School District Superintendent Fred McCarthy gave a presentation on cumulative downward enrollment trends, the recession’s impact on programs, the state’s $9 billion budget deficit and the resultant economic realities for South Whidbey.

McCarthy told the audience that the district’s budget shortfall remains close to $1.9 million for the next school year. Officials have cut $600,000 from that figure through reductions in programs, curriculum and operating efficiencies. That leaves $1.3 million in salaries and benefits to make up.

The district’s total budget for this school year is $17 million.

He noted that the district is a third smaller than it was 10 years ago, and the challenge was to bring costs into line with declining revenues. McCarthy said that some names are on the list because of seniority, and others because programs are being whittled down to meet the financial needs of the school district.

McCarthy added that he feels the pain any layoffs might cause.

“In 1976, my wife was RIF’d and her picture was on the front page of the Everett Herald,” he recalled. “It wasn’t a happy time then, and it isn’t now.”

Attendees then convened around tables to examine if more schools should be consolidated as a budget-cutting measure. This summer, the primary school is shutting down — at an annual savings of $250,000 — and operations moved to the newly-formed South Whidbey Elementary School next door.

The results of their discussions were posted around the room.

Over the past several years, the district has explored closing the middle school, then selling or leasing the valuable 23-acre property near downtown Langley. The two-story 95,000-square-foot structure is the oldest in the district’s inventory, built in 1935.

“The middle school is inefficient and should be moved,” one participant noted.

Others agreed that consolidation of the middle school students into the high school would be a start, believing that it’s appropriately designed to keep middle and high school students separate as needed, and closure of the middle school would reduce operating costs significantly and permanently.

But there has been opposition from those who want to keep the kids close to town and others who point out that replacing the classrooms might cost more than upgrading the school. And some citizens are worried about having older and younger children in close proximity.

Other comments targeted efforts to bring more families with school-age kids onto the island, even moving the Bayview School to the high school.

The facilitator at one table, elementary school principal Scott Mauk, said that it was important that parents share leadership in dealing with challenges.

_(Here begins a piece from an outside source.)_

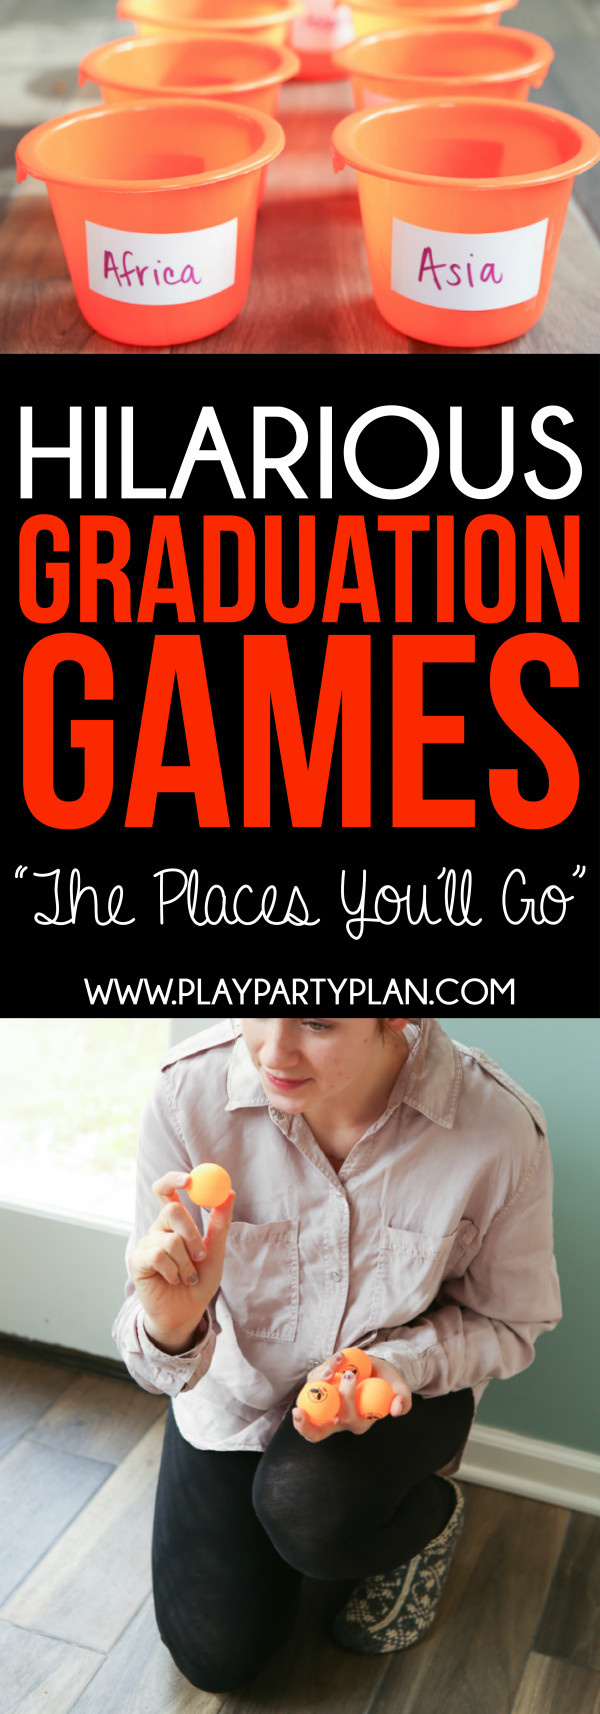 Outdoor Graduation Party Game Ideas
 Hilarious Graduation Party Games

“Just by being here, you know a lot more,” Mauk said.

Parents also argued the pros and cons of a single start time for all schools, perhaps 9 a.m. to 3 p.m. This would allow a single bus run, saving fuel and personnel costs, but there is no hard data yet on the financial impact.

Some felt this would be major hardship for drivers, who would see their hours drop.

Driver Chris Cook agreed.

“If you cut my hours down, I’ll have to leave and I won’t be alone,” Cook said.

One parent was adamant, saying she wouldn’t allow her grade-school youngster to ride on the same bus as high school students. Another said the plan was impractical with two widely-separated secondary school sites.

As the session ended, parent John Knox asked the school board and administrators to continue seeking a financial solution.

“We think this is a great school district,” he said.

The next school board workshop is 6:30 p.m. Wednesday, May 6 at the intermediate school on Maxwelton Road in Langley.